The role of neutrophil death in chronic inflammation and cancer

Abstract

The lifespan of a neutrophil is short and limited by programmed cell death, followed by efferocytosis. When activated or exposed to insult, neutrophil death may be delayed to support neutrophil effector functions such as phagocytosis, cytokine release, and pathogen destruction by degranulation. However, neutrophils may also alter the type of cell death and thereby affect inflammatory responses and tissue remodeling. This review briefly introduces the various forms of neutrophil death including apoptosis, necrosis/necroptosis, and the formation of so-called "neutrophil extracellular traps" (NETs), and it summarizes the clearance of dead cells by efferocytosis. Importantly, distinct types of neutrophil death have been found to drive chronic inflammatory disorders and cancer. Thus, the tumor and its microenvironment can delay neutrophil apoptosis to exploit their pro-angiogenic and pro-metastatic properties. Conversely, neutrophils may enter rapid and suicidal cell death by forming extracellular traps, which are expelled DNA strands with neutrophil proteins. Components of these DNA-protein complexes such as histones, high-mobility group protein B1, or neutrophil elastase have been found to promote cancer cell proliferation, adhesion, migration, invasion, and thereby tumor metastasis. In other settings of chronic inflammatory disease such as gout, NETs have been found protective rather than detrimental, as they promoted the local degradation of pro-inflammatory cytokines by neutrophil proteases. Thus, the interaction of neutrophils with the tissue environment extends beyond the stage of the living cell and the type of neutrophil death shapes immune responses and tissue remodeling in health and disease.

Keywords: Cancer microenvironment; Cell death and immune response; Granulocytes; Immune cell death.

Fig. 1. Neutrophil extracellular traps in cancer.

Neutrophils originating from bone marrow have a short lifespan in circulation, which is controlled by programmed cell death. When attracted by chemokines, they extravasate into tumor tissue where they are activated to delay apoptosis and engage in the inflammatory tumor microenvironment. A fraction of activated neutrophils may reverse migrate and home back to the bone marrow which shapes further neutrophil release. The tumor-invading neutrophils are exposed to hypoxia as well as cancer and stroma cell signals, which can trigger the formation of neutrophil extracellular traps (NETs). NET components such as oxidized DNA may stimulate an inflammatory response by macrophages or dendritic cells. NET-associated proteases alter the extracellular matrix and NET-derived HMGB1 molecules activate cancer cells to jointly promote tumor cell proliferation, migration, invasion, and metastasis.

Fig. 2. Neutrophil apoptosis and efferocytosis in cancer.

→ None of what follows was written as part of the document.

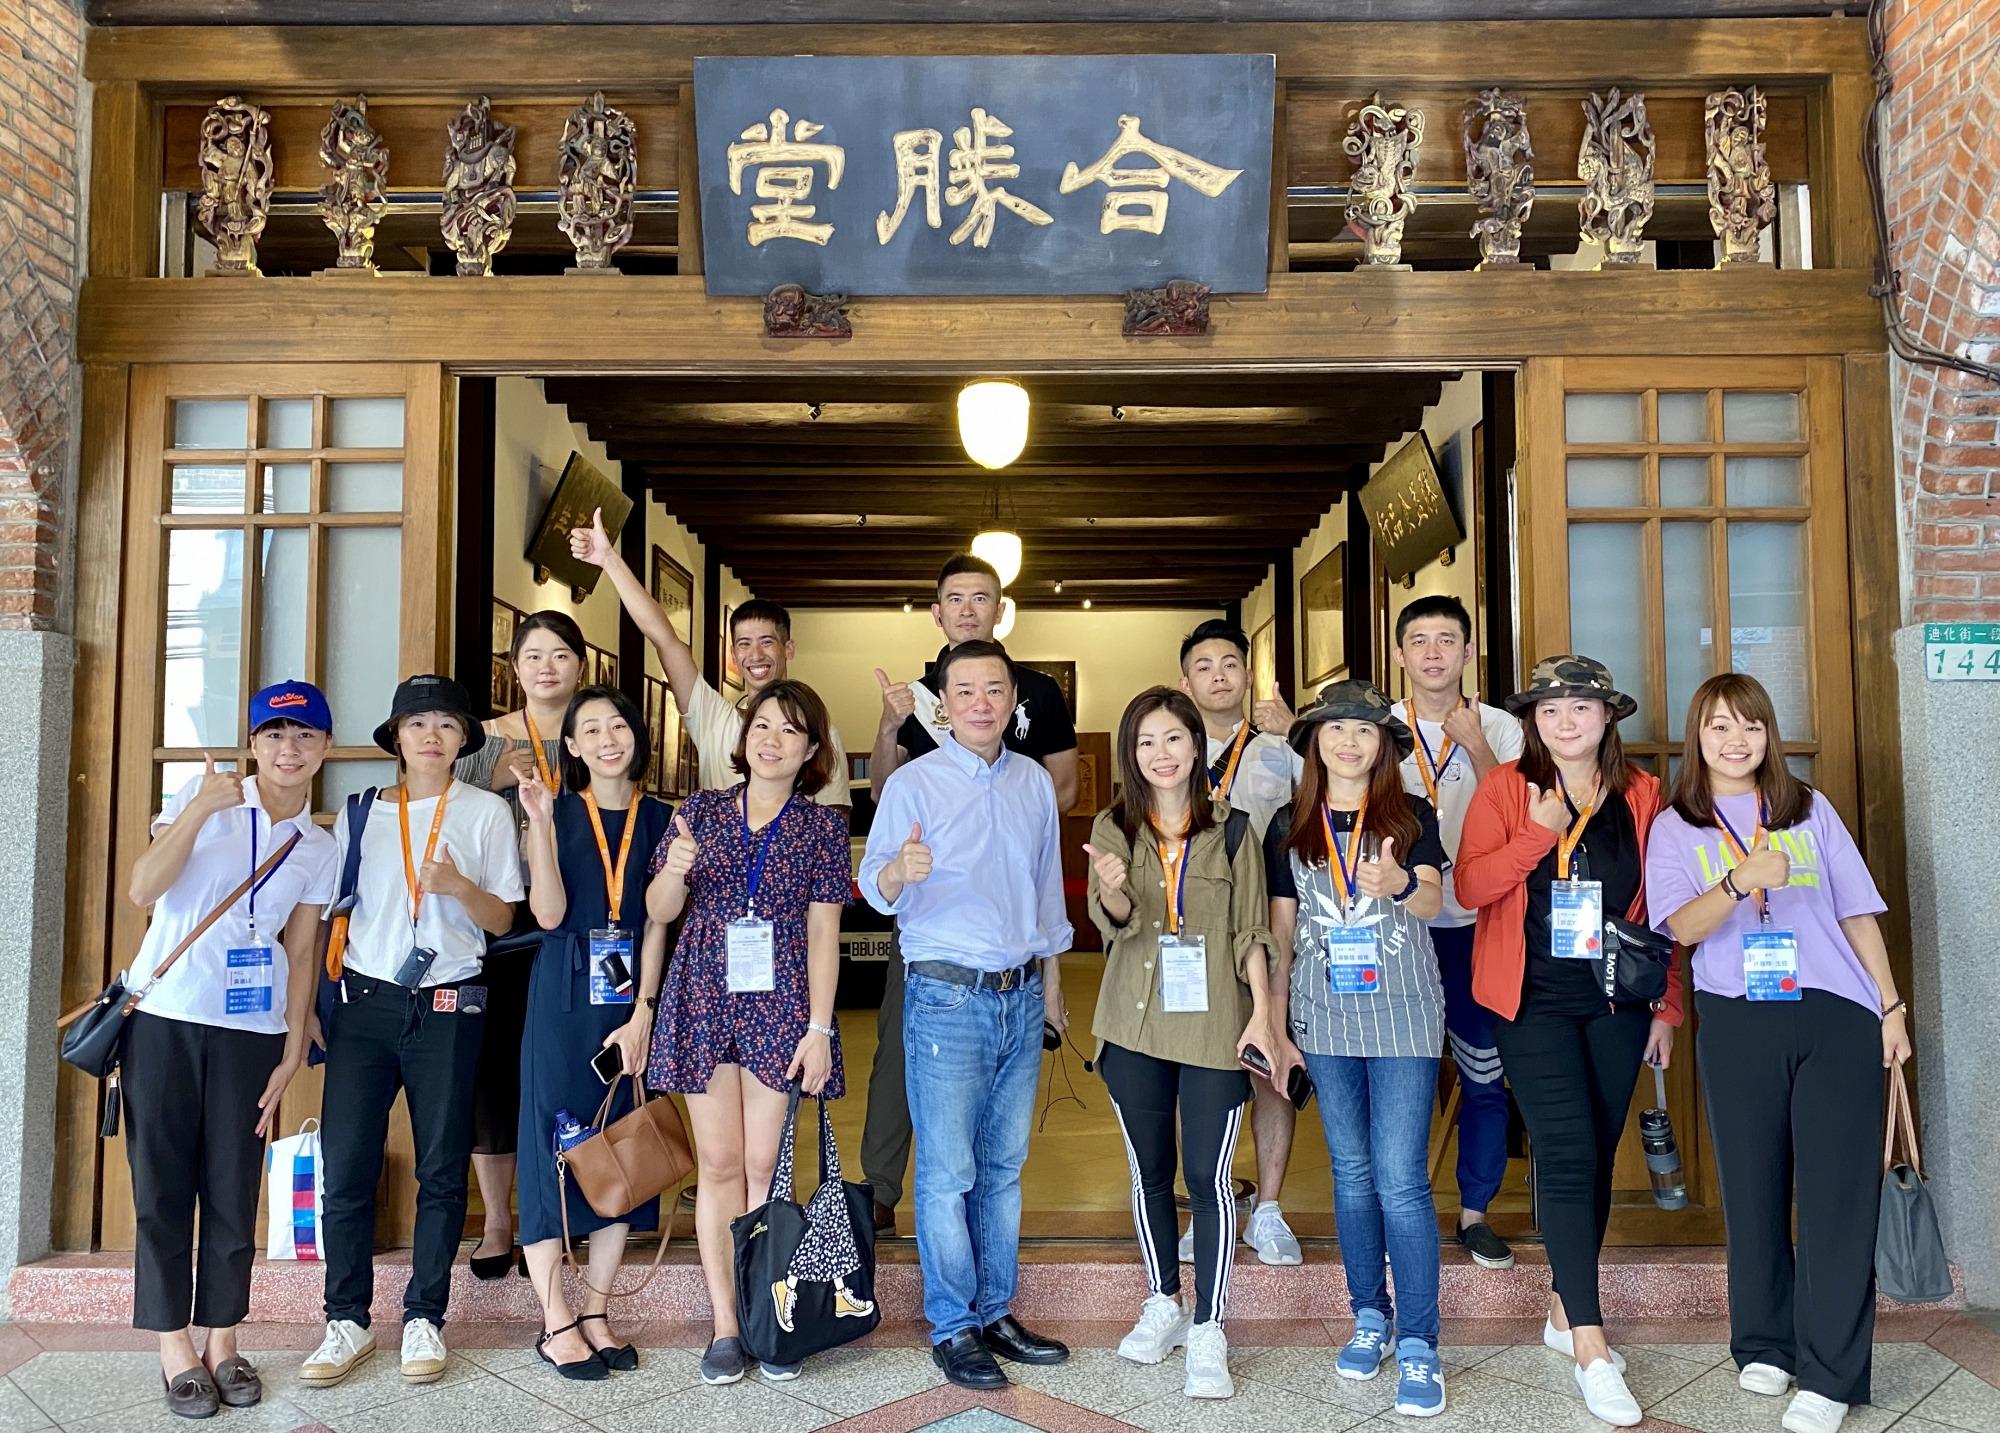 客製預約 員工旅遊|享有知性內容的Team Building活動與小旅行-10.jpg

Tissue-infiltrating neutrophils that are attracted by tumor-derived signals are exposed to a variety of survival factors originating from tumor cells, stroma, hypoxia, or dying cells. They may propagate the inflammatory tumor microenvironment by recruiting and activating further leukocytes, such as cytotoxic T-cells. Tumor-associated neutrophils have the potential to reverse migrate into circulation, thereby facilitating metastasis of attached tumor cells. However, the majority of them is proposed to undergo local apoptosis and subsequent efferocytosis by macrophages, which drives an anti-inflammatory M2-like polarization, tumor proliferation, and vascularization. Conversely, neutrophils may remove apoptotic tumor cells by efferocytosis and thereby promote tissue remodeling and cancer growth.